Based on the analysis of the principles used in classical SE methodologies and agile methodologies, we can see that agile methodologies have at least some historical links to classical SE methodologies. This is a further indication that we should not dogmatically separate classical SE from agile development. Fig. 1 illustrates the results of our analysis of the historical links between the practices of two schools through the SE principles.

4 Historical Analysis of the Technological Context of Classical SE and Agile Development

In this section, we want to investigate how technology influenced the development and use of SE methodologies over the years. Some researchers have argued that context is the key reason for deciding which methodology will be suitable [10, 31]. One needs to consider historical, organisational, cultural and project contexts.

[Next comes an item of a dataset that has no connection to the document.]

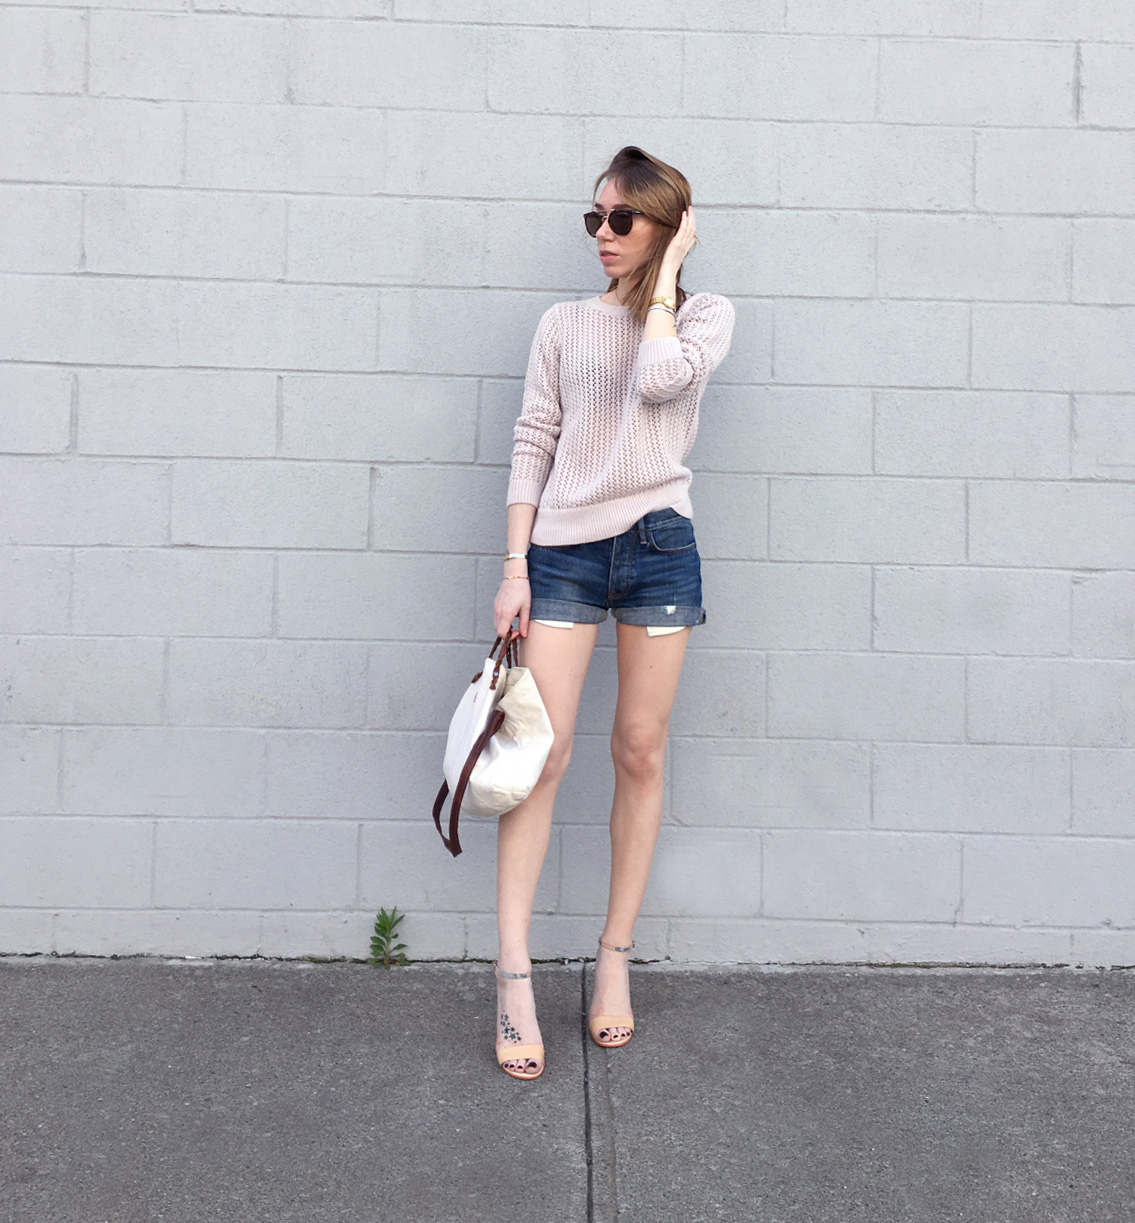 Pink sweater with denim shorts outfit

In this research, we have analysed the history of the technological context of several classical SE and agile methodologies. For the purpose of this paper, the discussion of context focuses on the technology available when a SE methodology was developed, used, and evolved. We will take several methodologies as examples.

4.1 Technological Context of the Waterfall Model

The waterfall model emerged in the late 1960s when programming languages were inefficient and hardware consisted of mainframe computers with slow CPUs and very limited memory. The waterfall model mainly addresses management issues which include well-defined development phases and some basic SE principles, such as involving customers and producing quality requirements specifications. It is suitable within the technological context at that time and for large, long-term projects that require extensive upfront contracts between developers and customers. However, after contracts have been established, requirements are not supposed to change any more. Technical writers would be hired to handle the large amount of documentation required for the project. A librarian would keep track of code libraries and other paper documents as electronic storage space was expensive and no document management systems were available [29]. Having well-defined requirements documents was an important means for effective communication among developers in big teams [32]. With the availability of configuration management and software documents tools nowadays, the instantiation of the waterfall model in practice has to change.

4.2 Technological Context of Evolutionary Development and the Spiral Model

Two methodologies that emerged during the mid-1980s and have impacted the SE community are: evolutionary development [16] and the spiral model [33]. Both of these two methodologies are built on prototyping [34; 35]. Prototyping was first used for highly innovative defence projects, and the requirements of the project were very hard to get upfront. Consequently it leads to significant delays or cancelation of projects [34]. The technological context of prototyping is the availability of interactive programming environments, graphical user interfaces (GUI), and fourth generation programming languages. This new technology enabled developers to build prototypes at much lower cost.

Evolutionary development and the spiral model emerged at a time when Personal Computers (PC) became popular and affordable by the general public, large hardware storage space and other high hardware facilities, such as high resolution monitors, became available. They allowed software engineers to solve more complex problems. However, the increased complexity and size of software projects resulted in risks that required methodologies able to handle them. As a risk-driven and plan-driven process model; the spiral model combines evolutionary development and the waterfall model thus providing means to tackle the risks involved in software projects [33].

4.3 Technological Context of Agile Methodologies

When agile methodologies emerged in software engineering, the technological landscape had drastically changed:

  • Very powerful PCs are available at a low price

  • Storage space is easily available

  • Increased capability of network facilities

  • Very powerful OO language such as C++, Java and J2SE techniques have been developed

  • Wide-spread availability of internet and Web technologies

  • Visual programming technologies and highly interactive GUI and programming environments help design interactive user interfaces and allow the fast implementation of prototypes.

These advancements increased the ambitions of the software industry and enabled developers to deal with a wide range of applications from small software projects that need 2 to 3 developers for 3 to 6 months to extremely complicated and large problems that require hundreds or even thousands of developers. Over the last decade, software developers have found that it is hard to plan and monitor the entire system development process due to the fact that many systems, especially web-based or web-related systems, change and grow rapidly in their requirements, functionality and contents during their life cycle, much more than what they encountered before [36].

To deal with the challenge of rapid change, a set of agile-like methodologies were developed. They could immediately address some challenges of many small to medium-sized software projects. More importantly, these methodologies evolved and matured into a new category of SE technologies with tremendous possibilities to maximise developers’ potential [37]. They were supported by new technologies that allowed them to:

  • model requirements and system behaviour early on

  • accommodate requirements change at no or much lower cost and manage and control requirements changes with support of requirements management tools

  • conduct automated testing with the support of tools

  • easily contact and involve customers throughout the world using mobile phones, video conferencing, and high speed internet

  • manage and plan software project very efficiently with the support of project management tools

  • produce new software releases within a short period of time using efficient and effective programming and configuration management tools.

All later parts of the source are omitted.